🤖 AI Summary
This work addresses the lack of a unified evaluation framework for assessing perceptual, reasoning, and generative capabilities of vision-language models in affective image analysis, particularly regarding emotional intensity calibration and descriptive depth. To bridge this gap, we introduce AICA-Bench—the first comprehensive benchmark dedicated to affective image content analysis—encompassing three core tasks: affective understanding, reasoning, and guided generation, with systematic evaluations of 23 state-of-the-art vision-language models. Furthermore, we propose Grounded Affective Tree (GAT), a training-free prompting framework that integrates visual grounding with hierarchical reasoning to significantly reduce emotional intensity prediction errors and enhance the semantic depth of generated captions.
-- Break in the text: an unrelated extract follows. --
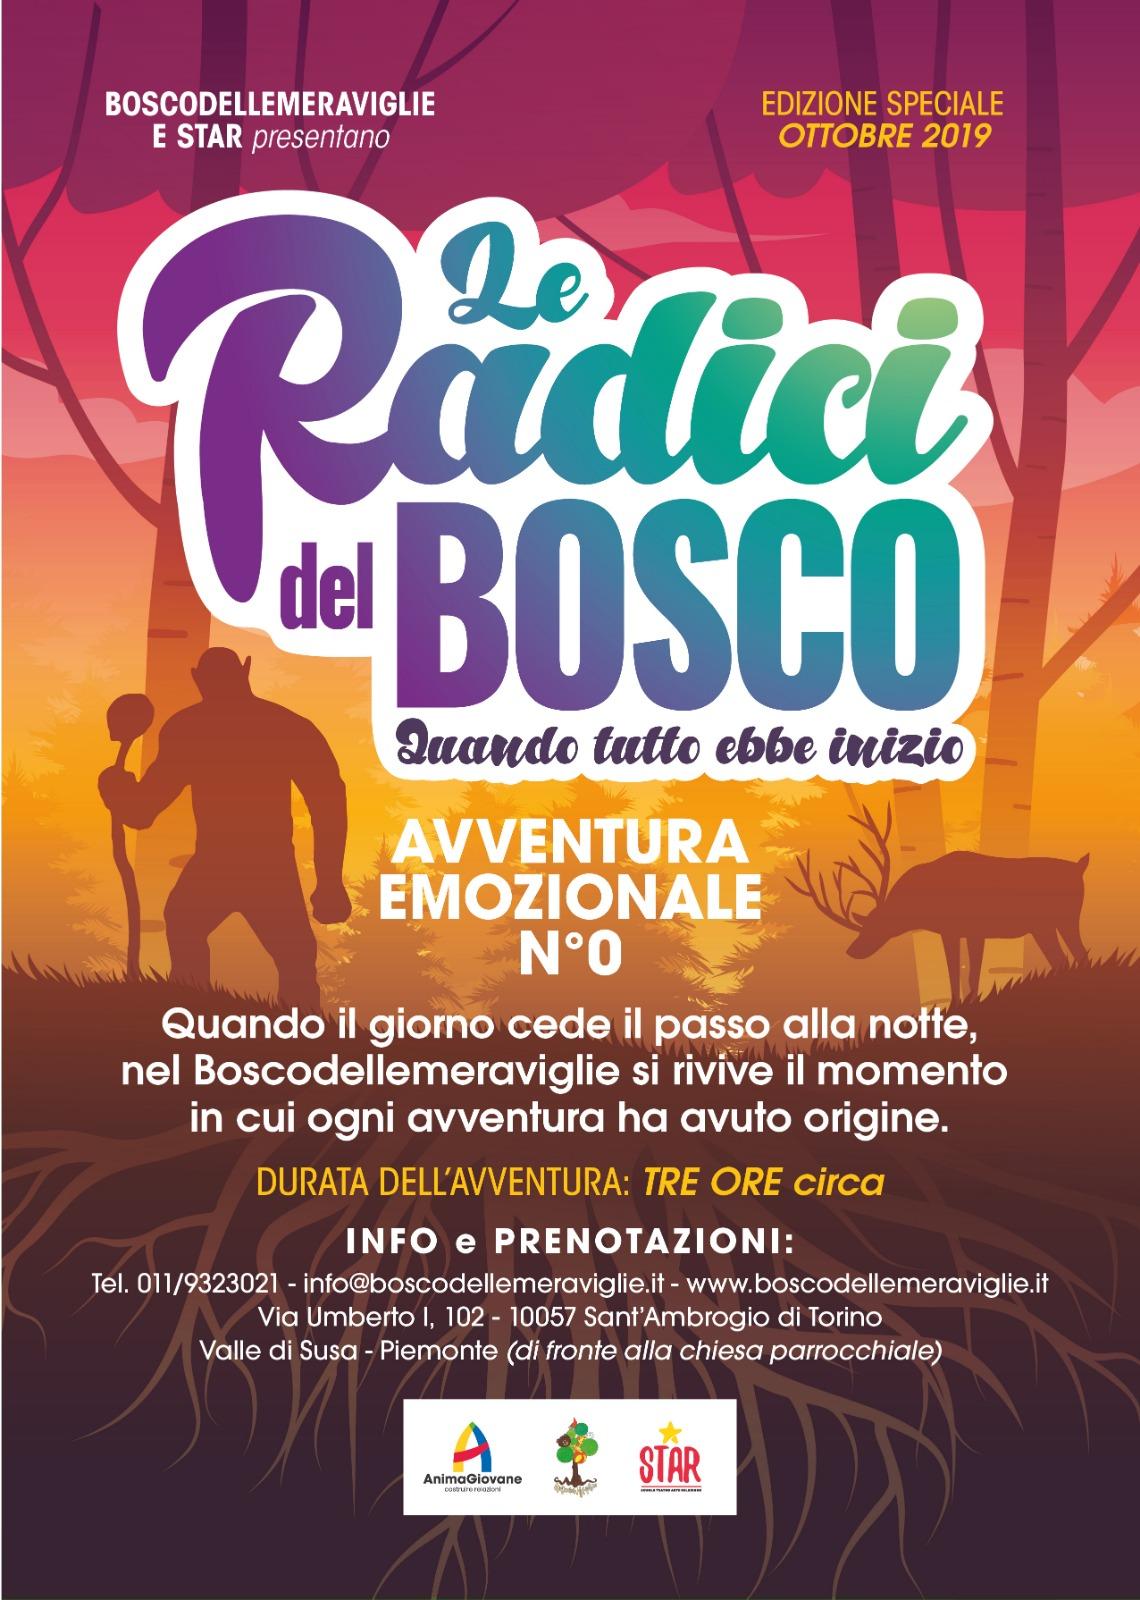 LE-RADICI-DEL-BOSCO-2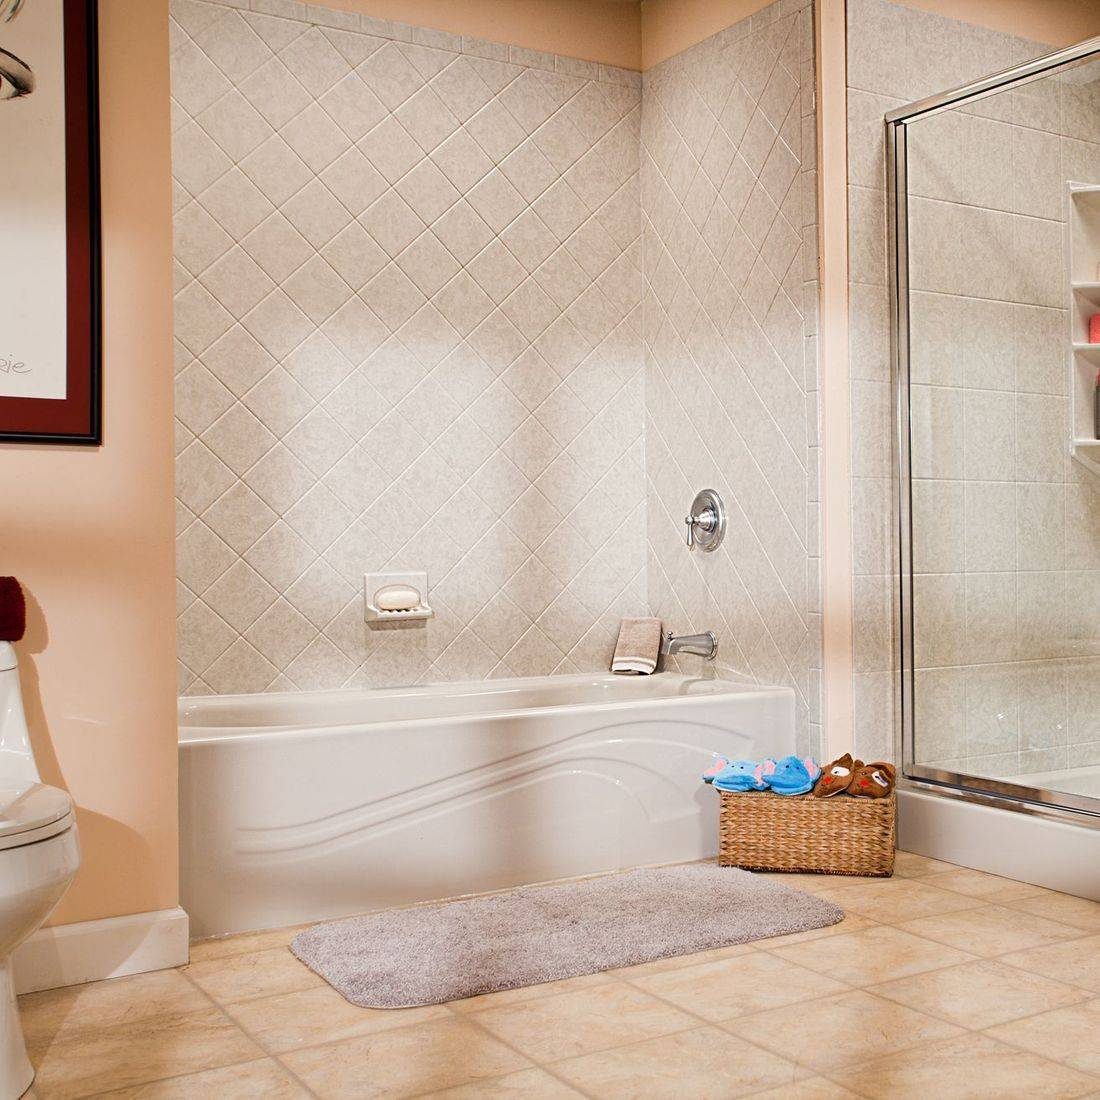 tub liners, bath liners, acrylic bath liners, bath fitter, bath planet, bath liners plus, bain magique, bain miracle, fleurco shower doors

Extensive experiments validate GAT’s effectiveness across multiple models, establishing a strong baseline and a novel paradigm for affective multimodal research.
📝 Abstract
Vision-Language Models (VLMs) have demonstrated strong capabilities in perception, yet holistic Affective Image Content Analysis (AICA), which integrates perception, reasoning, and generation into a unified framework, remains underexplored. To address this gap, we introduce AICA-Bench, a comprehensive benchmark with three core tasks: Emotion Understanding (EU), Emotion Reasoning (ER), and Emotion-Guided Content Generation (EGCG). We evaluate 23 VLMs and identify two major limitations: weak intensity calibration and shallow open-ended descriptions. To address these issues, we propose Grounded Affective Tree (GAT) Prompting, a training-free framework that combines visual scaffolding with hierarchical reasoning. Experiments show that GAT reduces intensity errors and improves descriptive depth, providing a strong baseline for future research on affective multimodal understanding and generation.